A novel enantioselective synthesis of α-amino acids has been developed, which is broad in scope, simple in application, and advantageous for many α-amino acids of interest in chemistry, biology, medicine.
E. J. Corey, J. O. Link, J. Am. Chem. Soc., 1992, 114, 1906-1908.
In a one-pot cascade transformation of ketones into α-imidoketones, N-bromosuccinimide (NBS) provides both electrophilic bromine and nucleophilic nitrogen sources, and diazabicyclo[5.4.1]undec-7-ene (DBU) functions as a base and a nucleophilic promoter for the activation of NBS. α-Bromination is supposed as the key step in the process.

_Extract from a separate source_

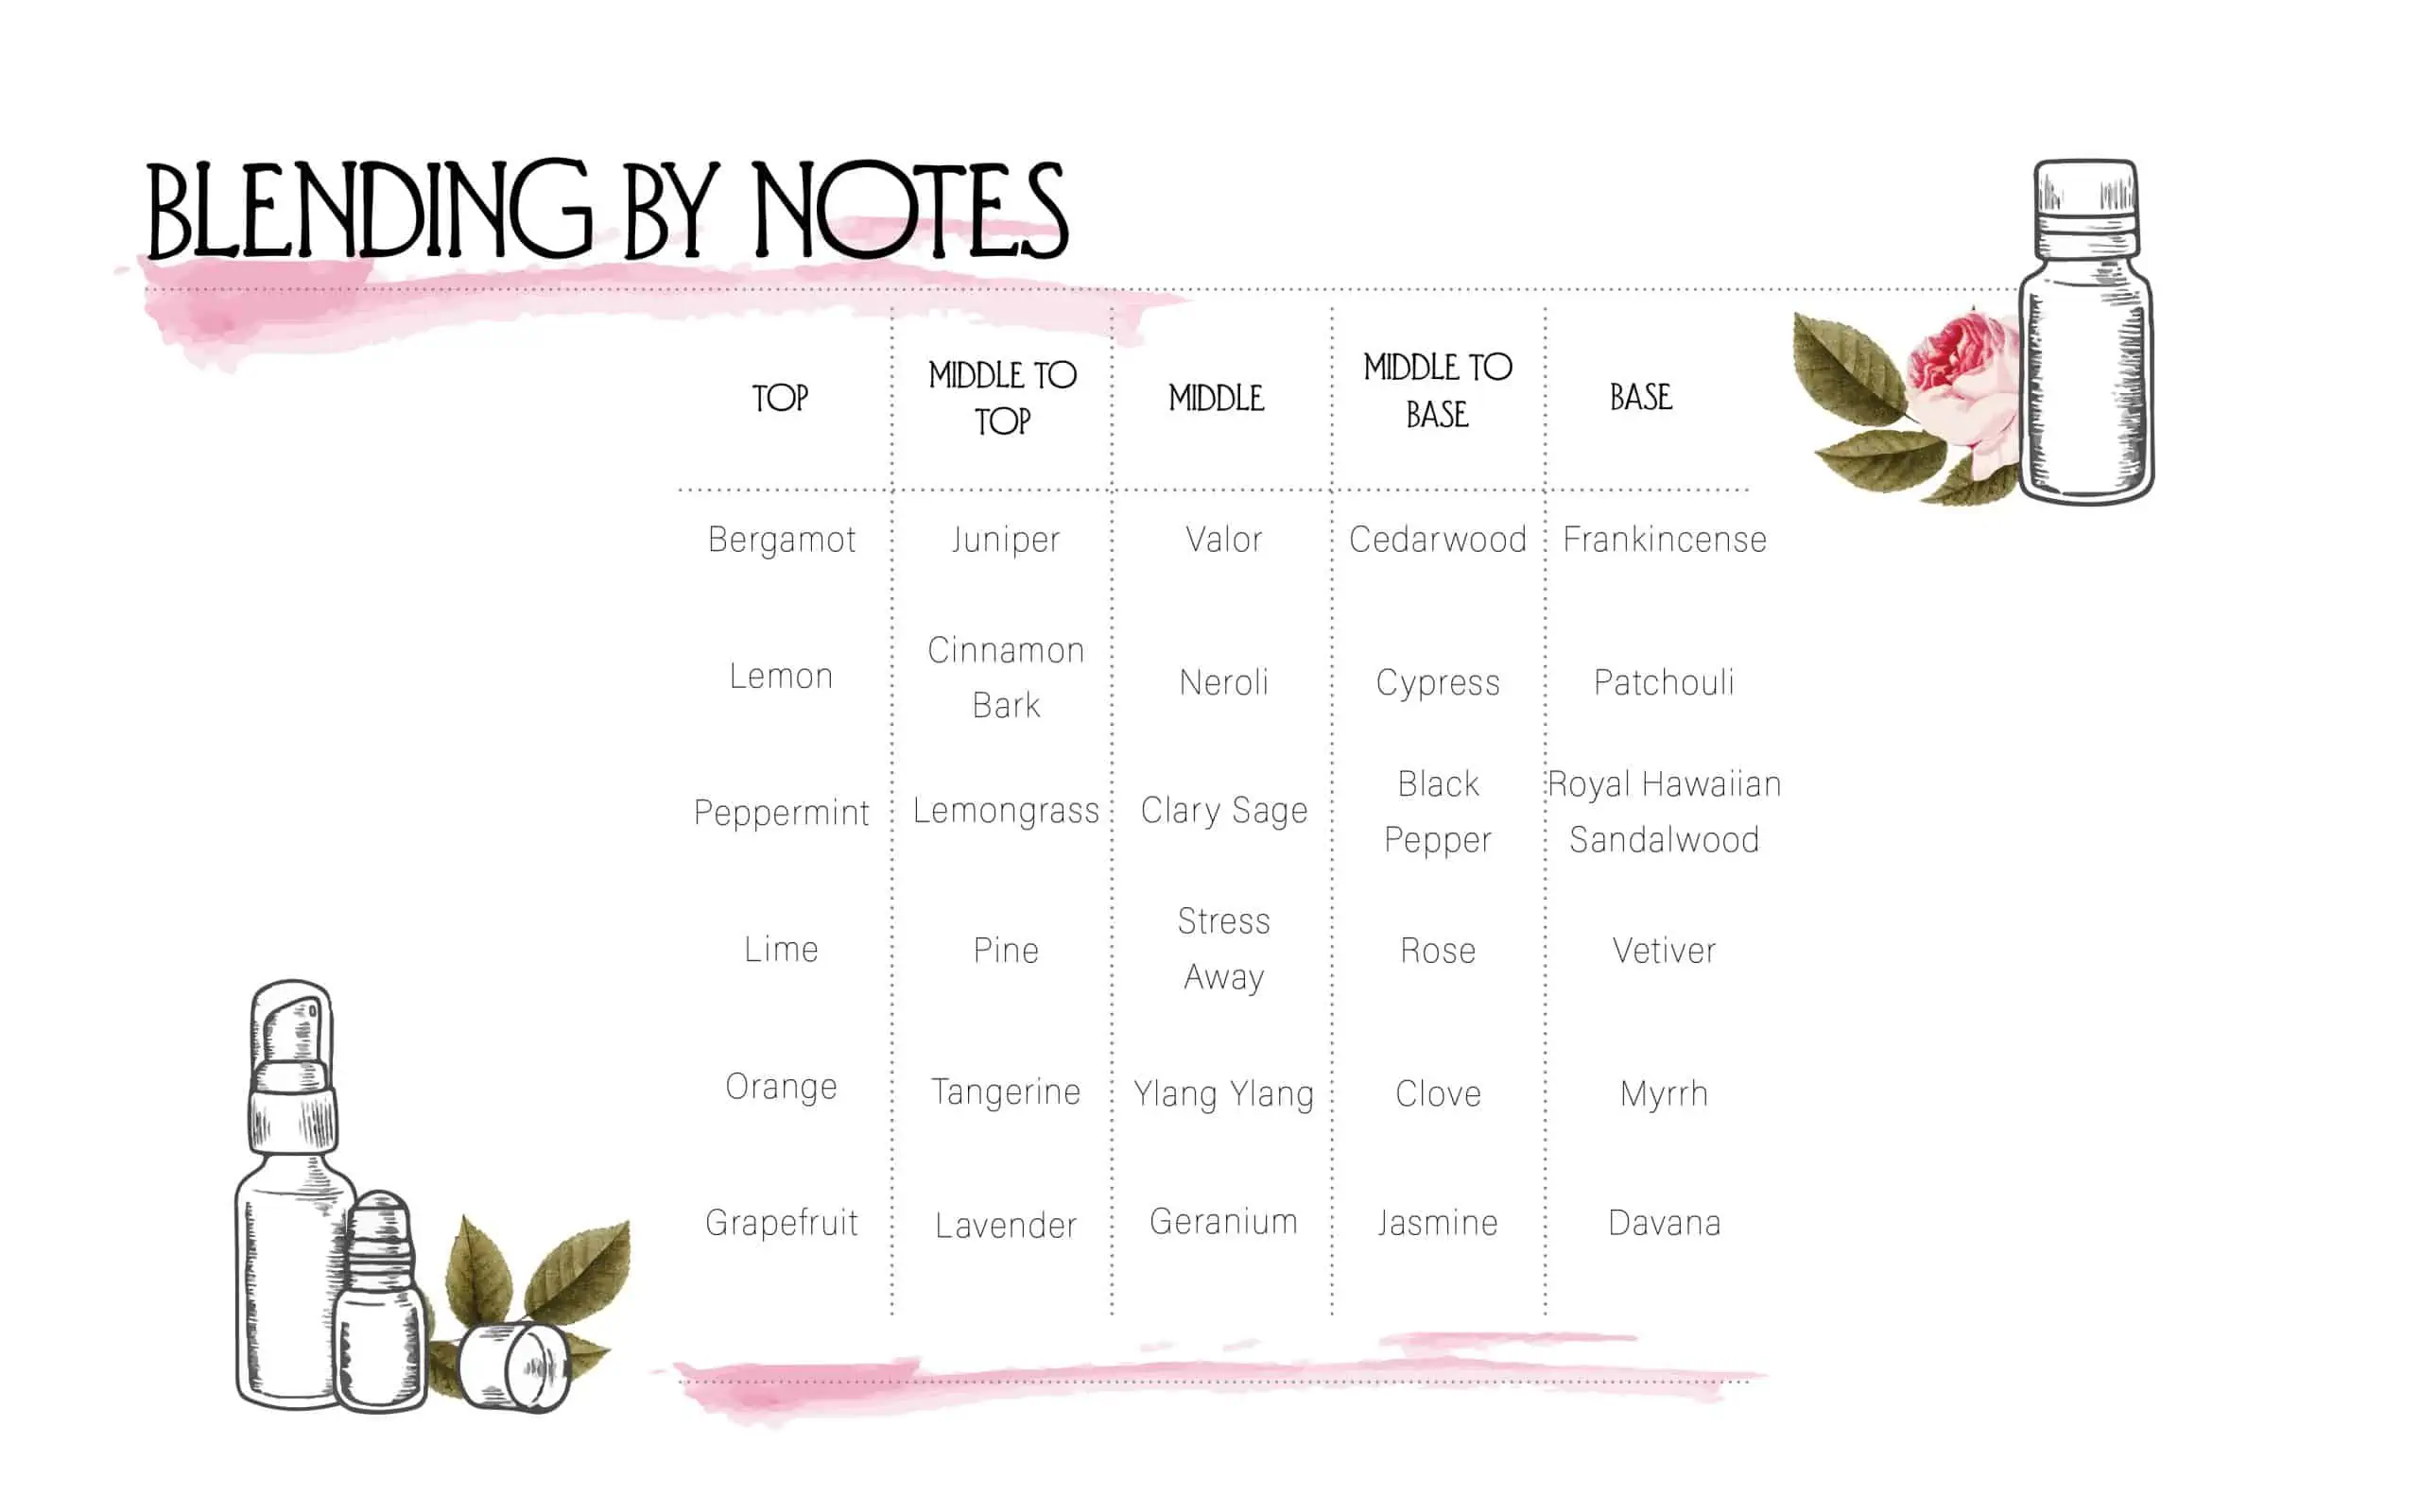 Blending by Notes chart

Y. Wei, S. Lin, F. Liang, Org. Lett., 2012,14, 4202-4205.
A synthesis of various amino phosphonates has been achieved via phosphonate substituted carbene insertion into the N-H bond of aniline catalyzed by readily available copper salt under mild reaction conditions in water. Using this environmentally benign methodology a large number of biologically important amino phosphonates have been synthesized in good isolated yields.

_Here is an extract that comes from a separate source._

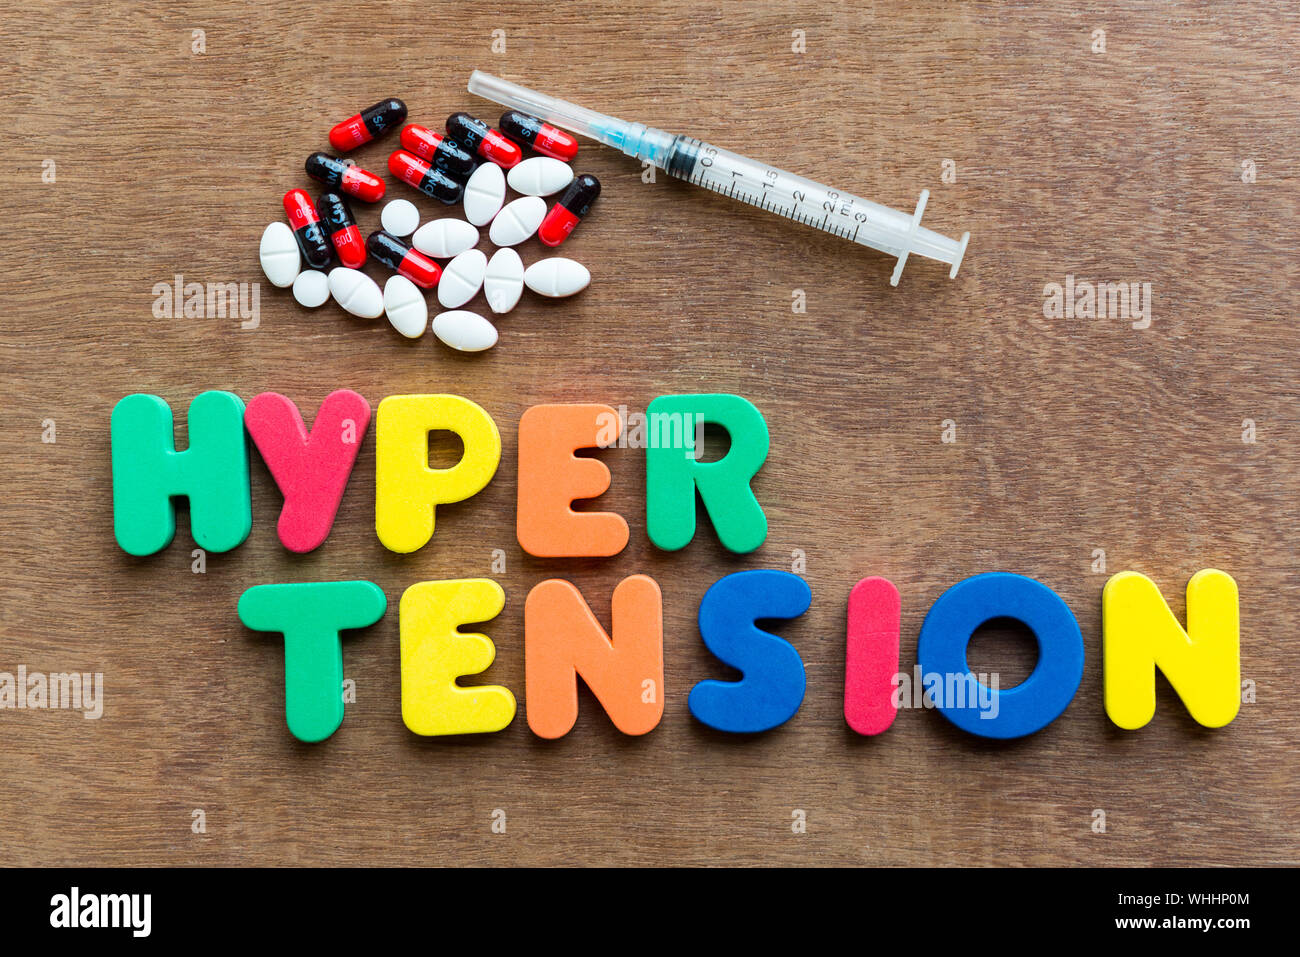 High Angle View Of Colorful Hyper Tension Text With Syringe And Pills On Wooden Table Stock Photo

K. Ramakrishna, J. M. Thomas, C. Sivasankar, J. Org. Chem., 2016, 81, 9826-9835.
Related
A cascade reaction of carboxylic acids with vinyl azides enables an efficient synthesis of α-amidoketone derivatives. This method offers catalyst-free conditions, broad substrate scope, good tolerance of a wide range of functional groups, and high efficiency.
C. Gao, Q. Zhou, X. Zhang, X. Fan, J. Org. Chem., 2020, 85, 13710-13720.

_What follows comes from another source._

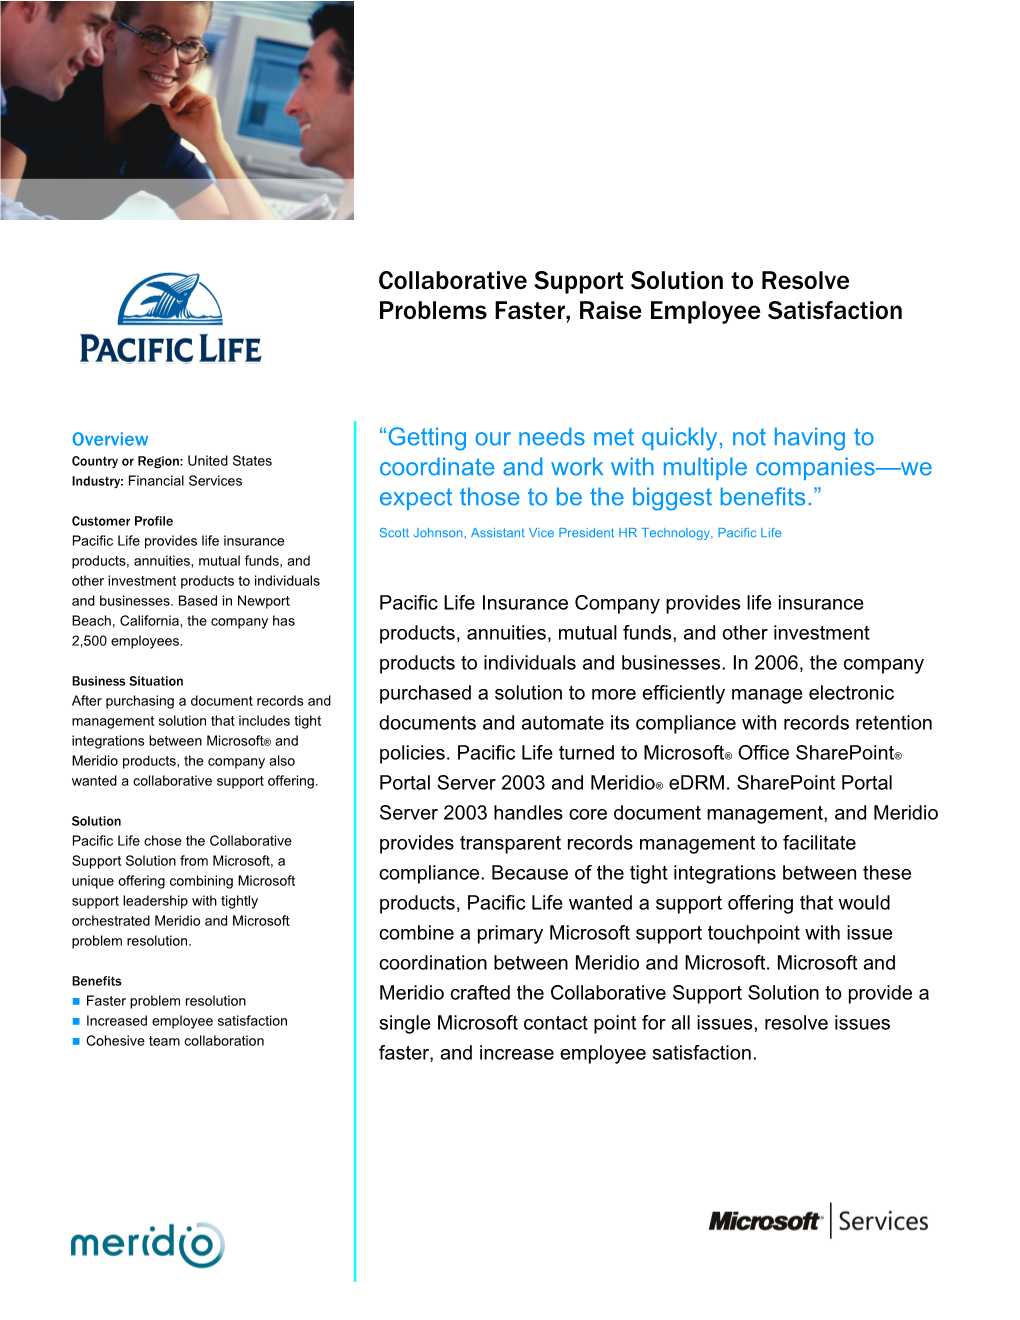 Collaborative Support Solution to Resolve Problems Faster, Raise Employee Satisfaction

N-Sulfonyl-1,2,3-triazoles react with water in the presence of a rhodium catalyst to produce α-amino ketones in high yield. This transformation formally achieves 1,2-aminohydroxylation of terminal alkynes in a regioselective fashion in combination with a copper(I)-catalyzed 1,3-dipolar cycloaddition with N-sulfonyl azides.
T. Miura, T. Biyajima, T. Fujii, M. Murakami, J. Am. Chem. Soc., 2012, 134, 194-196.
Umpolung reactions of N-trimethylsilyl α-iminoester with organometallics provide deprotected N-alkylaminoesters. Furthermore, tandem N,N- or N,C-dialkylation reactions enable efficient syntheses of pyrrolidines, piperidines, and iminodiacetate derivatives.
I. Mizota, Y. Tadano, Y. Nakamura, T. Haramiishi, M. Hotta, M. Shimizu, Org. Lett., 2019, 21, 2663-2667.
A totally regioselective transformation of aromatic N-4-methoxyphenylaziridine 2-carboxamides into 2-aminoamides is promoted by active manganese (Mn*). α-Amino ketones can be readily obtained by reaction of morpholine-derived 2-aminoamides with organolithium compounds.
J. M. Concellón, H. Rodríguez-Solla, V. del Amo, P. Díaz, J. Org. Chem., 2010,75, 2407-2410.
Structurally and functionally diverse N-carbamoylamino acids were obtained through the alkylation of monosubstituted parabanic acids followed by hydrolysis of the intermediate products in very good yields and excellent purity.
A. V. Bogolubsky, S. V. Ryabukhin, G. G. Pakhomov, E. N. Ostapchuk, A. N. Shivanyuk, A. A. Tolmachev, Synlett, 2008, 2279-2282.